Marj Sanur (, translation: "Sanur Valley"; also called Marj al-Ghuruq, translation: "Drowning Valley" is a closed basin within the northern mountains of the West Bank, located entirely in the southern Jenin Governorate, in between the cities of Jenin (to the north) and Nablus (to the south). Its total area is roughly 20 square kilometers, while its drainage basin is about 55 square kilometers, most of which is in the Jenin Governorate, with two square kilometers extending into the Tubas Governorate. Marj Sanur abuts the Qabatiya Mountains to the north, the Zawiya Hills to the west and the Musheirif Highlands to the south. Further to the northwest is the Sahl Arraba valley and further to the east, past the towns of Aqqaba and Tubas, is the Jordan Valley.
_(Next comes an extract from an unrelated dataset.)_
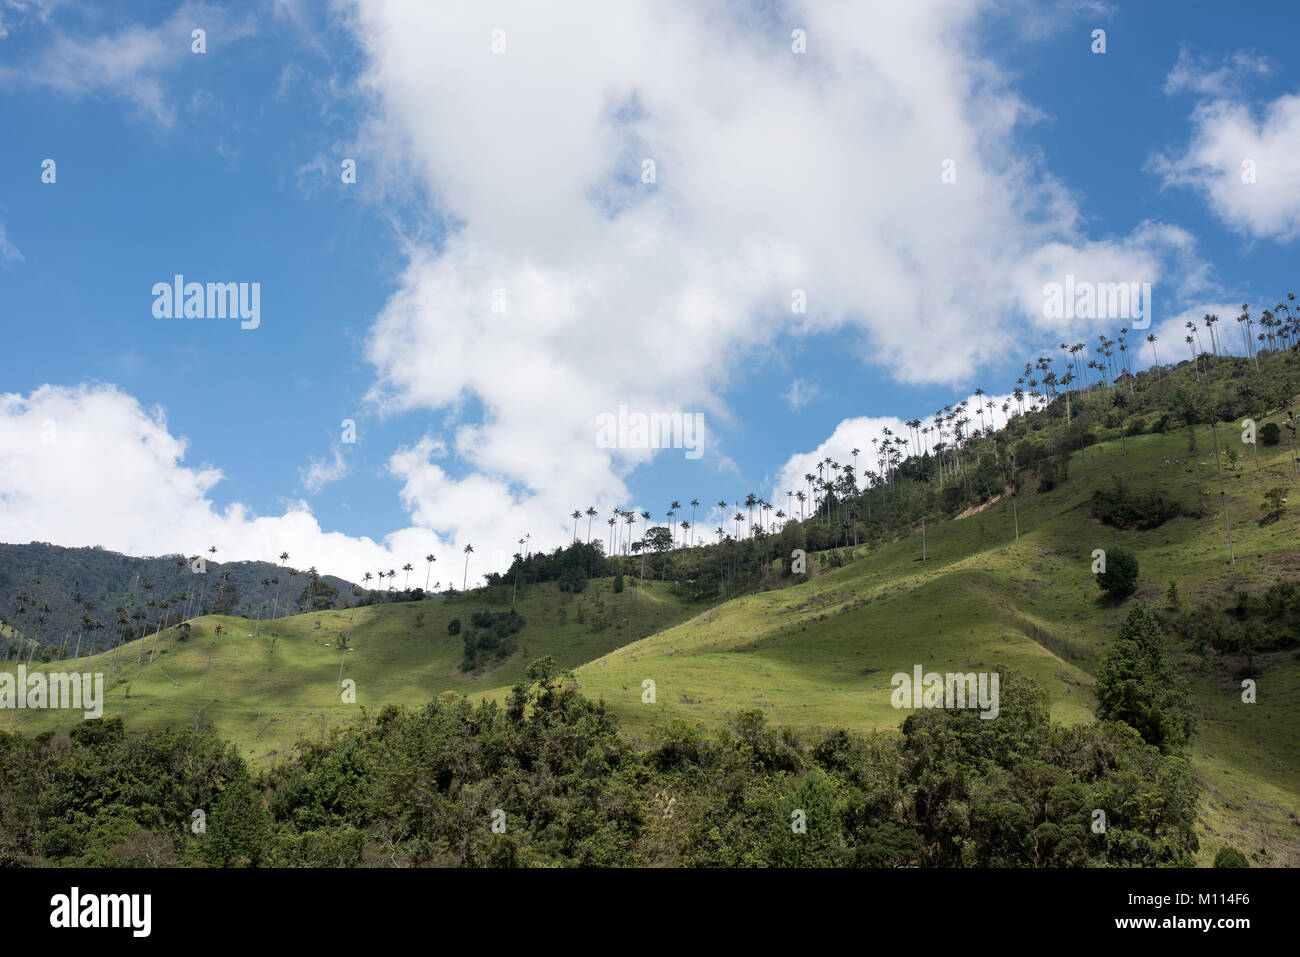 Cocora valley near Salento with enchanting landscape of pines and eucalyptus towered over by the famous giant wax palms, clear blue sky, Colombia Stock Photo
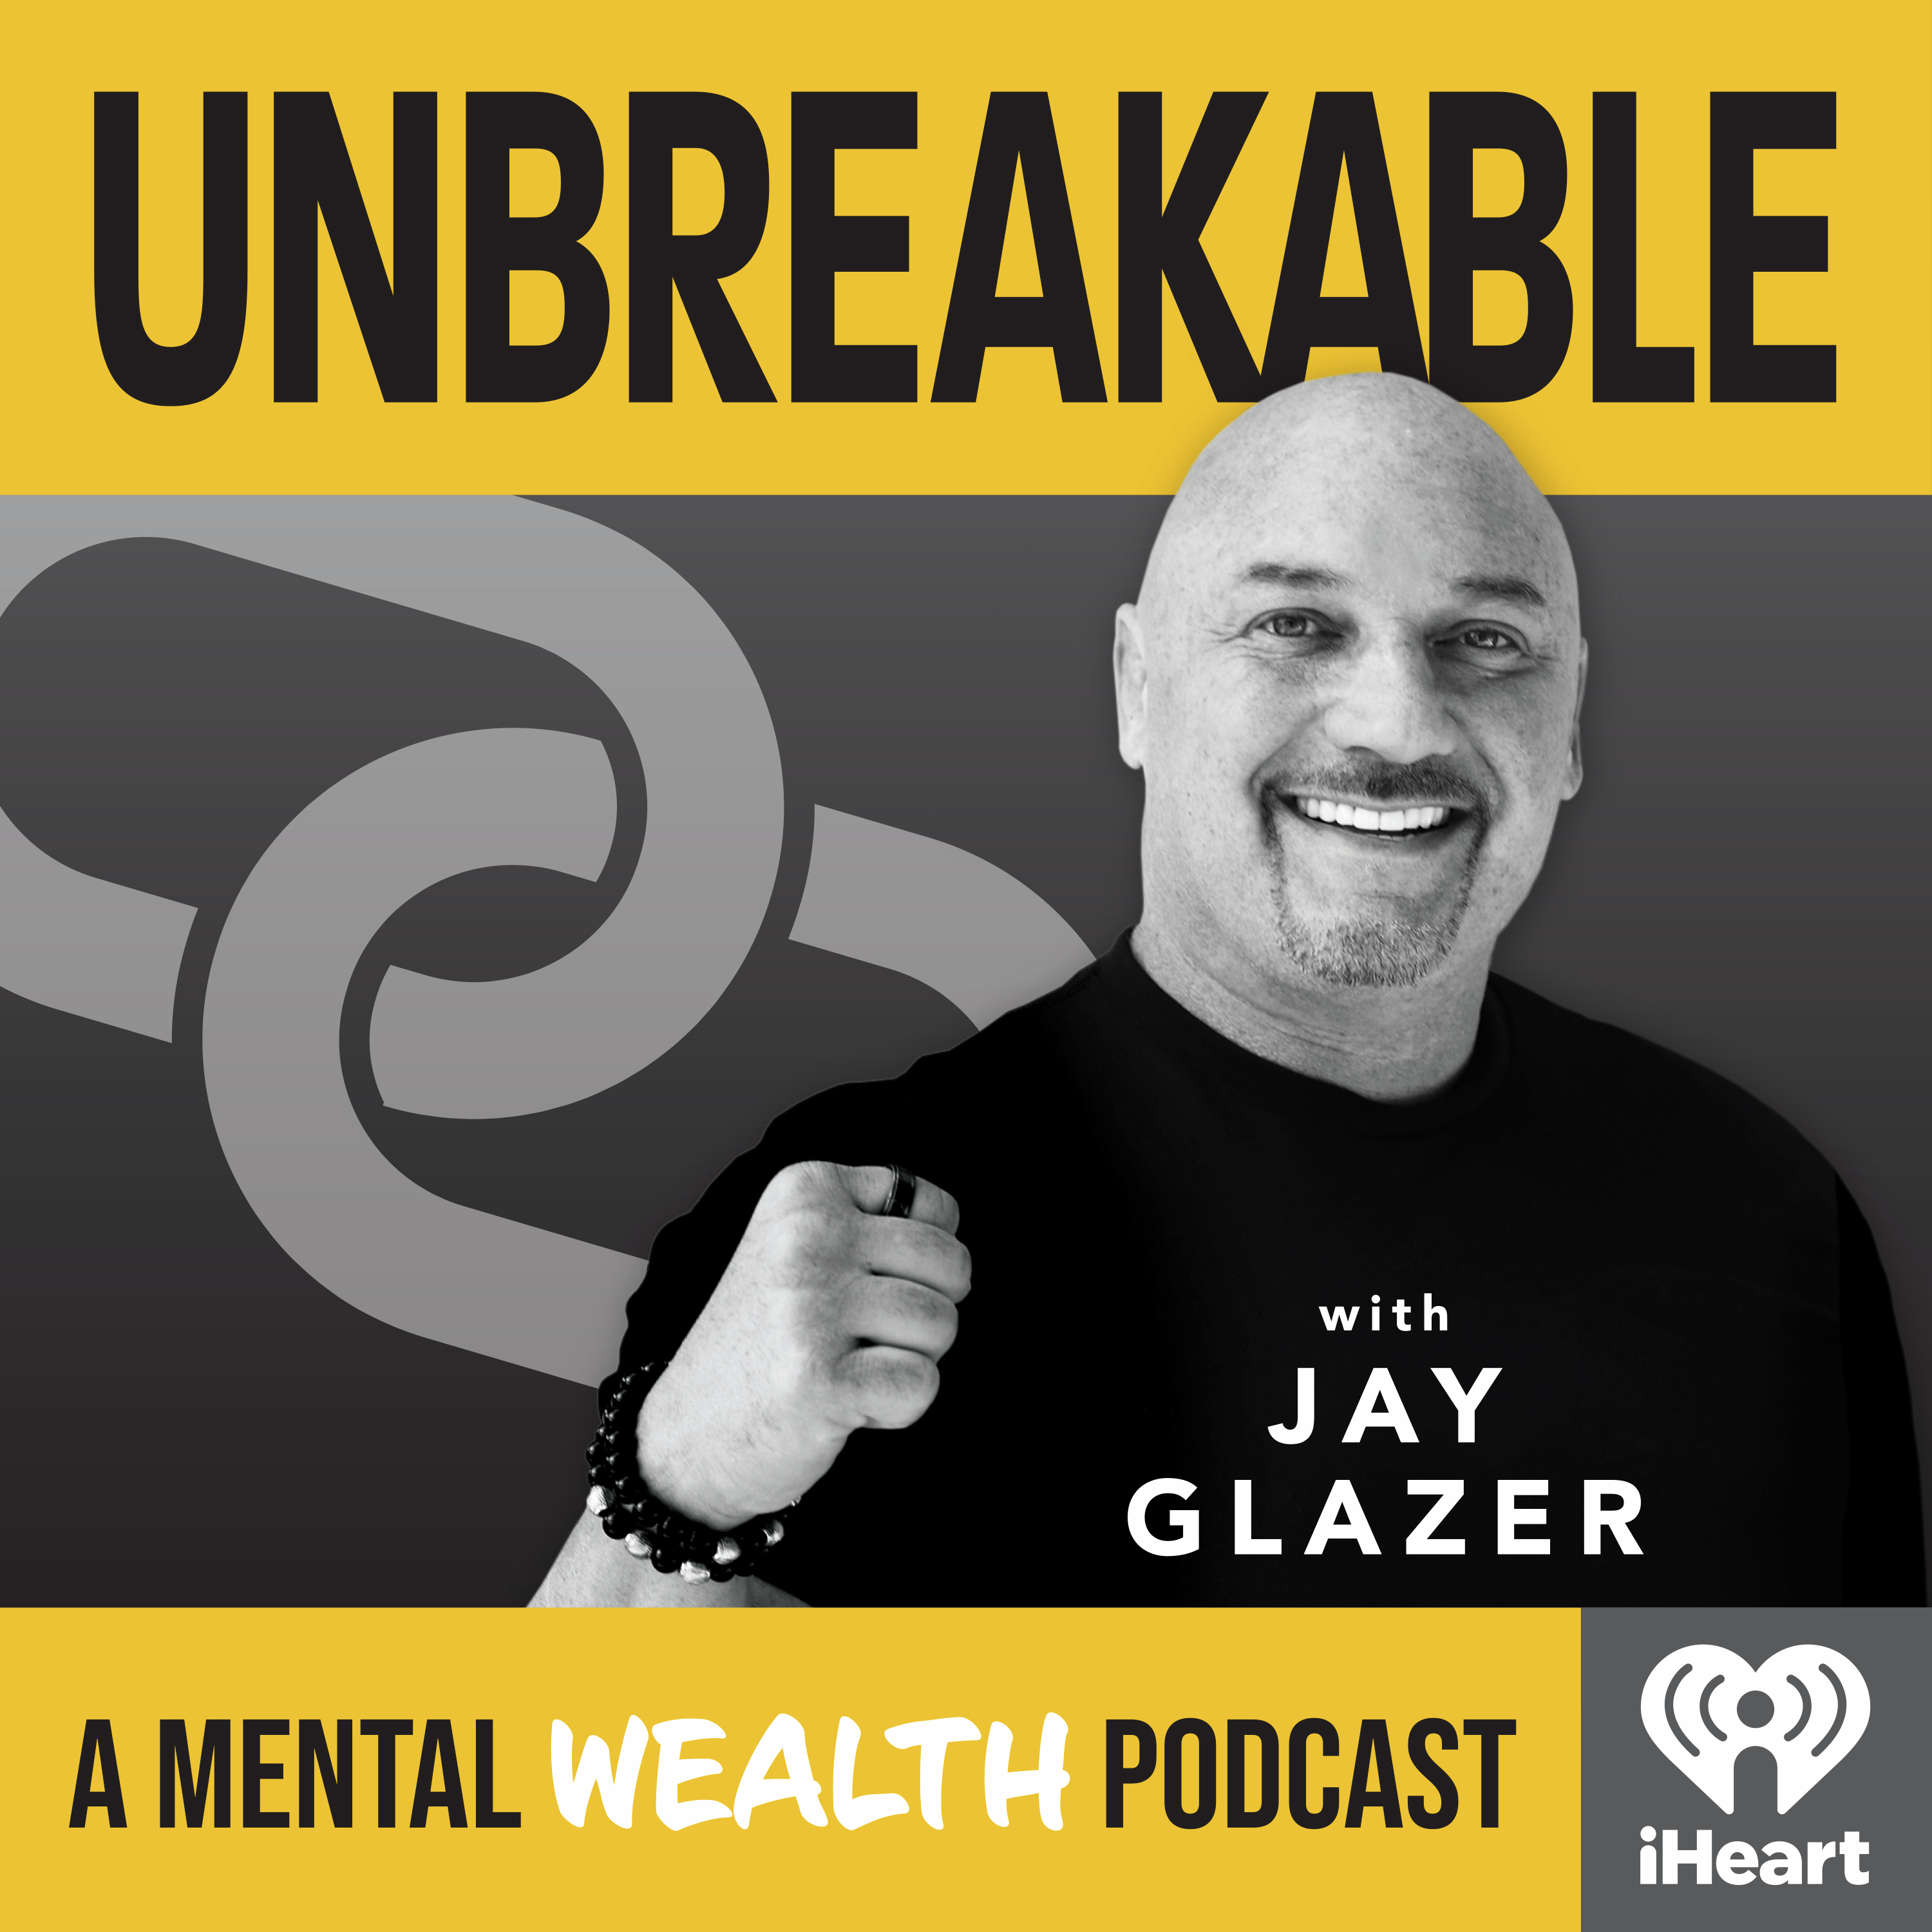 Unbreakable Episode 8 - Anthony Migliore

Marj Sanur's maximum length is 7.5 kilometers and maximum width is 3.5 kilometers. The average elevation in the valley is between 350 and 360 meters above sea level, with the highest elevation at 370 meters and the lowest elevation at 348 meters. Surrounding the valley on all sides are mountains and hills with a range of elevation from 450 meters above sea level to Mount Hureish, which has an elevation of 764 meters above sea level. Marj Sanur is also a seasonal lake, usually between December and April, as the basin has no drainage outlet. It typically becomes flooded when rainfall is higher than 600 millimeters per year. There are five entrances into Marj Sanur.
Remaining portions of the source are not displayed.